Rotund, red-faced, pipe-smoking and with a voice as deep as a mine shaft, Bagge was the lively public face for an industry that was left for dead after the rise of other power sources, but that rebounded with the energy crises of the 1970s and fears about the environmental risks of nuclear power.
Bagge reveled in the resurgence and fought efforts to impose stricter controls on the big coal-burning power plants of the Northeast and Midwest that came under scrutiny in the 1970s and ‘80s.
In 1971, when Bagge took over the presidency of the coal association, whose members included coal producers and exporters, he changed the phone number, which is still in use, to reflect who he said his masters were: (202) 463-2625 (GOD-COAL).

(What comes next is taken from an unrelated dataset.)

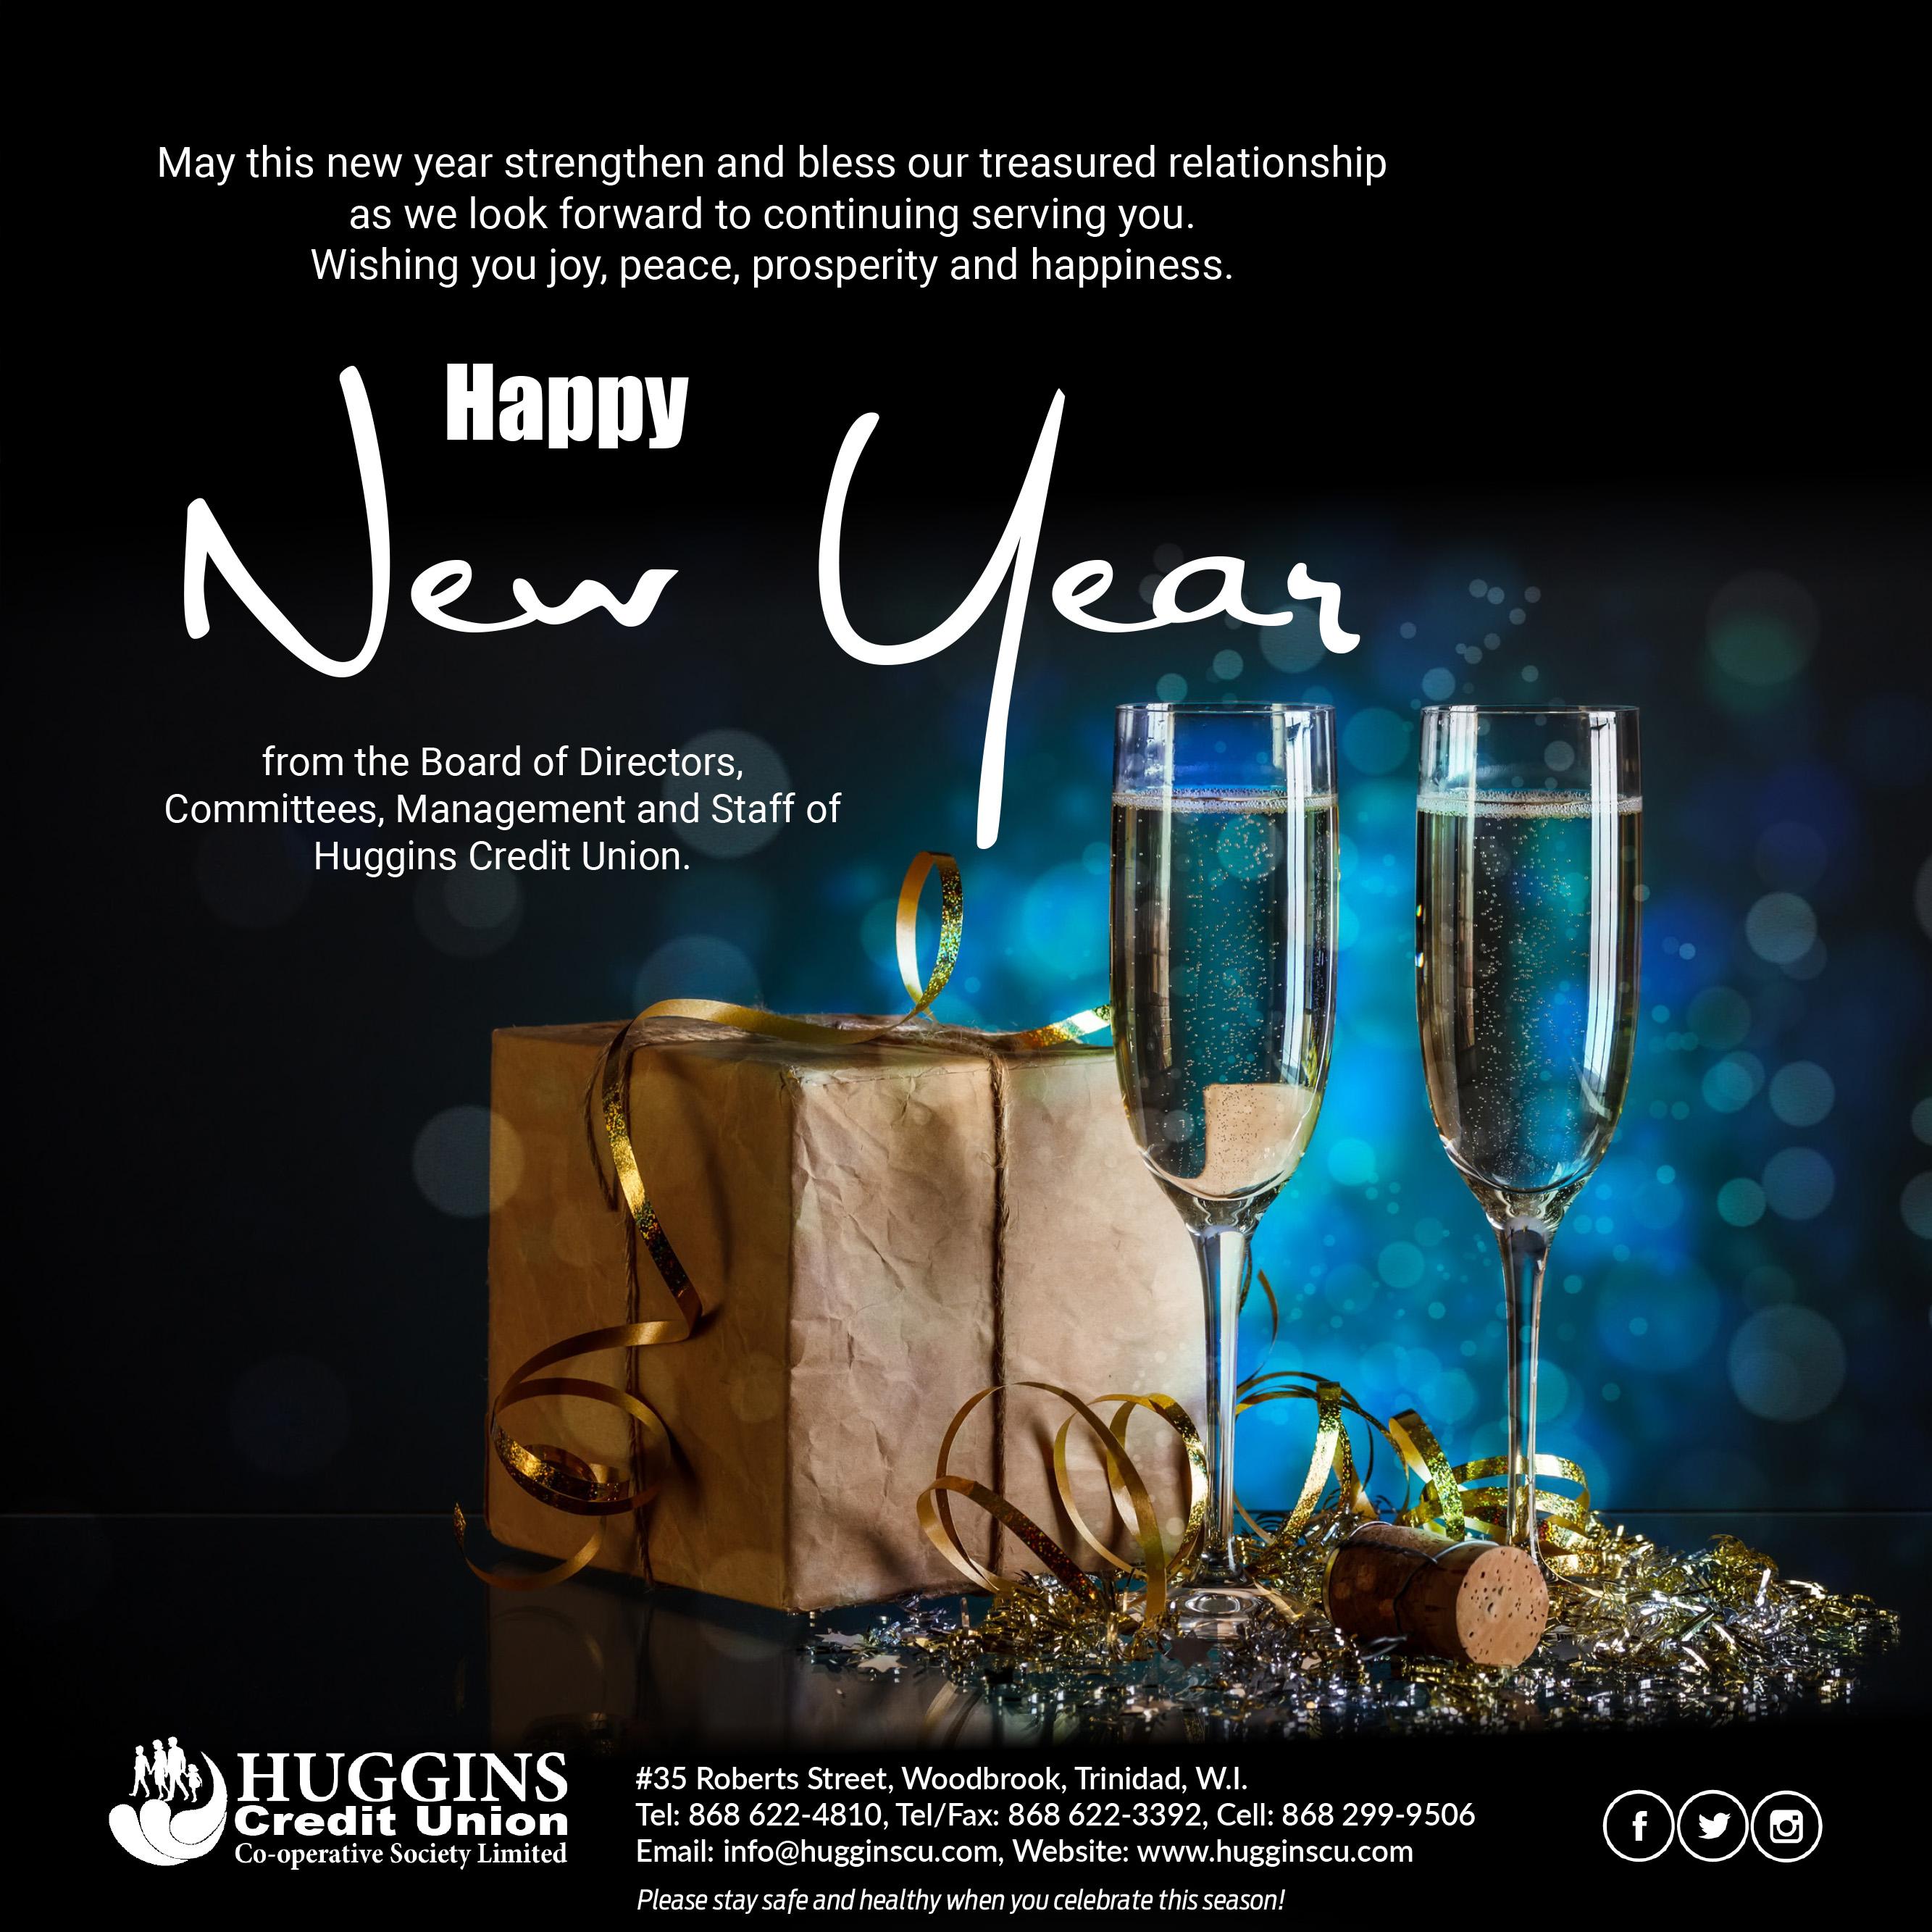 Huggins 2021 New Year Greetings

He often told the story of how he got his start in the coal industry, when during his impoverished youth on Chicago’s South Side, his Swedish immigrant father would send him on sorties to the railroad tracks to collect stray chunks of coal to heat their home.
Bagge served in the Navy from 1945 to 1946. He received a bachelor’s degree from Augustana College in Rock Island, Ill., in 1949 and a law degree from Northwestern in 1952.
He worked as an attorney for the Atchison, Topeka & Santa Fe railroad in Chicago from 1952 until 1965, when he moved to the Washington area upon being named to the Federal Power Commission. He received bipartisan praise when he argued for loosening the regulation of natural gas rates.
He went from regulating to fighting regulations when he joined the coal association. Among his major battles during the first generation of clean air and clean water legislation were the 1977 amendments to the Clean Air Act that mandated new limits on sulfur dioxide and other emissions.
Nicknamed “Mr. Coal,” he called clean-air groups extremist and decried the demonizing of the fuel. But despite the rhetoric, even his political enemies became friends and sometimes guests at his Swedish-themed Christmas bashes.
In the 1980s, in the face of increasing scientific evidence to the contrary and a growing chorus of complaints from environmentalists and Canadian officials, Bagge maintained that, “Scientists haven’t found any sound evidence of acid rain damage to vegetation in the natural environment.”
Survivors include his wife of 47 years, Margaret Evelyn Bagge; three daughters; a son, and nine grandchildren.